Vous imaginez la police qui intervient à chaque appel intempestif ou sms non sollicité. Votre avocat vous expose alors les limites l’action des forces de l’ordre et vous invite à la tempérance. Si cet olibrius persiste, il sera alors condamné vous assure-t-il ! Non contente de cette réponse que vous considérez trop timorée, vous sollicitez un deuxième avis. 

Selon l’article 28b alinéa 1erdu Code civil, il vous est loisible en cas de violence, de menaces ou de harcèlement de requérir d’un juge civil qu’il prononce des interdictions de contact, géographique et de périmètre. Il est ainsi possible d’obtenir que votre ex-partenaire cesse de vous appeler, de vous envoyer des sms et/ou des emails. Le Tribunal cantonal schwyzois a, dans une affaire similaire, également interdit tout contact avec la famille et les collègues de travail de l’ancienne compagne. À cela s’est ajoutée une invitation à se tenir éloigné du lieu de résidence, ainsi que du lieu de travail.

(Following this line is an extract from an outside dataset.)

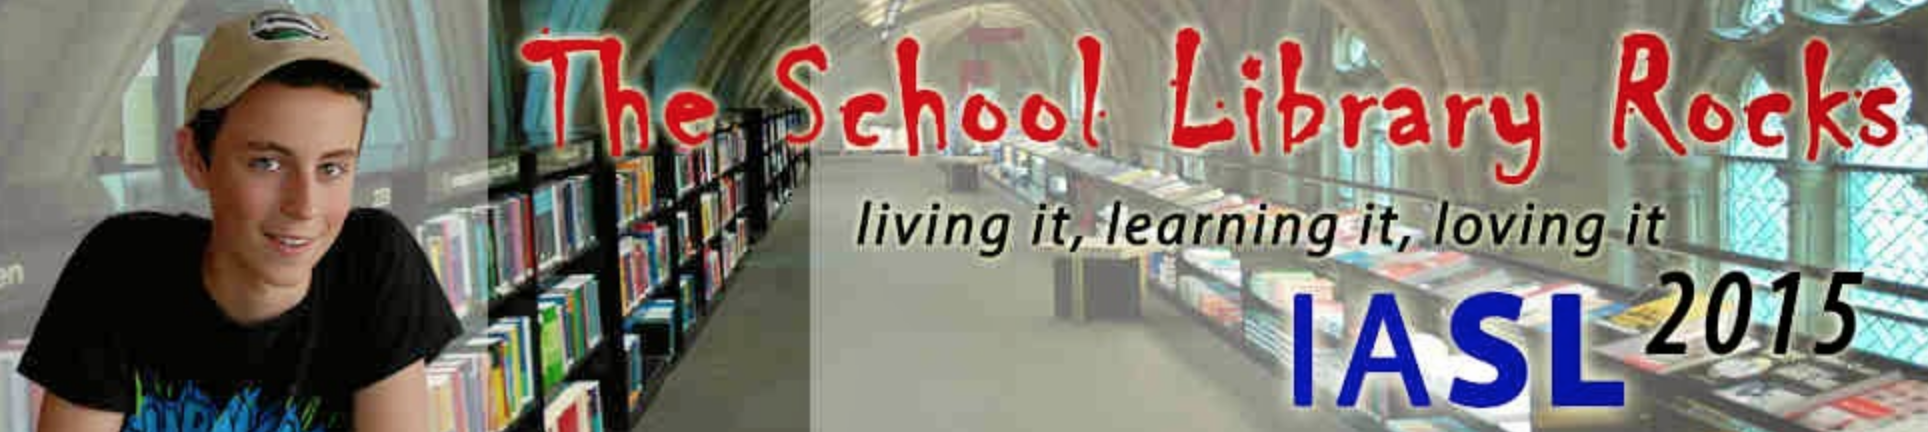 					View 2015: IASL Conference Proceedings (Maastricht, Netherlands): The School Library Rocks: Living it, Learning it, Loving it
				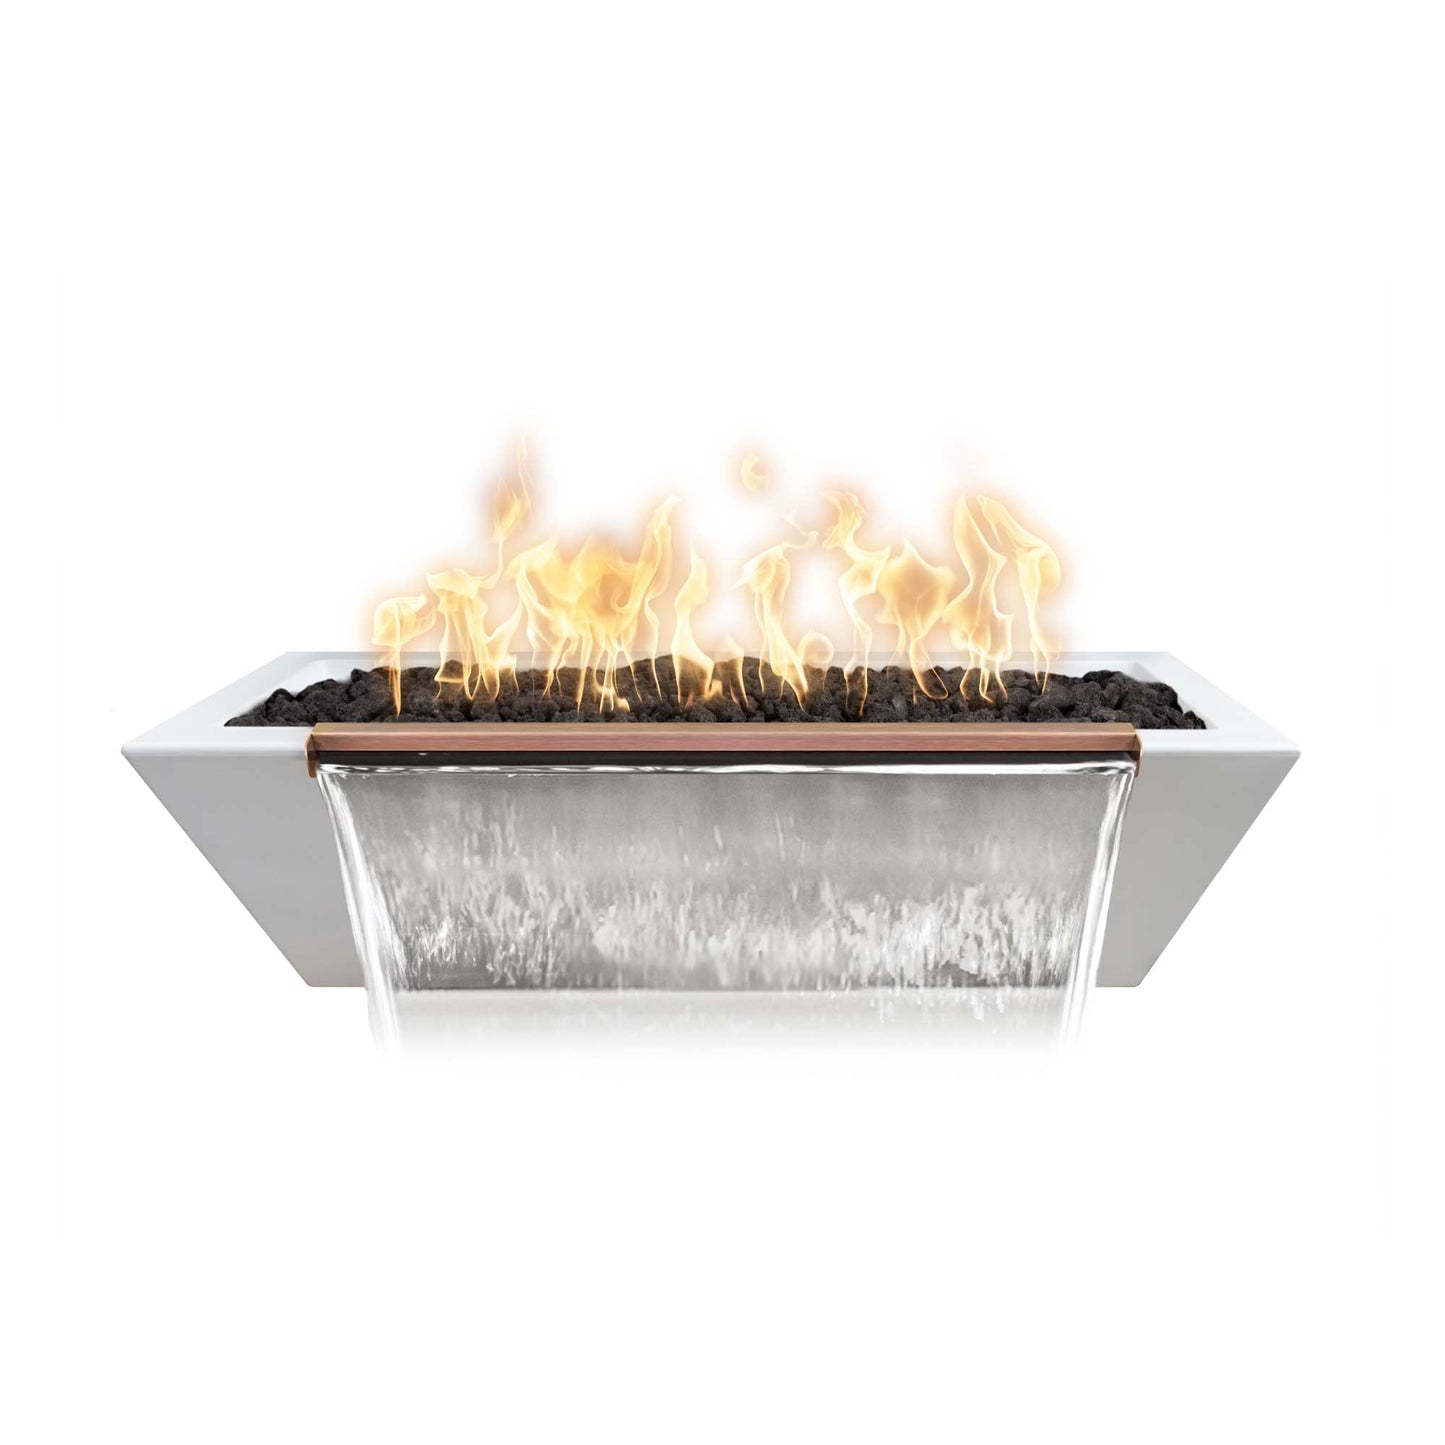 The Outdoor Plus Linear Maya 60" Metallic Silver GFRC Concrete Liquid Propane Fire & Water Bowl with 12V Electronic Ignition

Le Tribunal fédéral a confirmé cette décision considérée comme proportionnée et rappelé qu’il est possible d’interdire le contact à d’autres personnes que la victime elle-même, que ces personnes aient été contactées par le passé ou non. 

Qu’en est-il de la durée de la mesure judiciaire me direz-vous ? L’article 28b du Code civil ne prévoit pas de limite temporelle. Il appartient donc au Juge saisi de la cause de déterminer si une durée limitée est justifiée ou non. Le Tribunal fédéral précise qu’une limite temporelle n’a guère de sens, puisqu’une demande de prolongation de la mesure générerait une nouvelle confrontation entre le stalker (harceleur) et sa victime. 

La procédure pénale peut évidemment constituer un moyen supplémentaire de faire cesser les comportements outranciers, mais elle ne règle pas les problèmes quotidiens de prise de contact que la voie civile peut proscrire utilement.

Arrêt du Tribunal fédéral 5A_429/2017 du 13 avril 2018.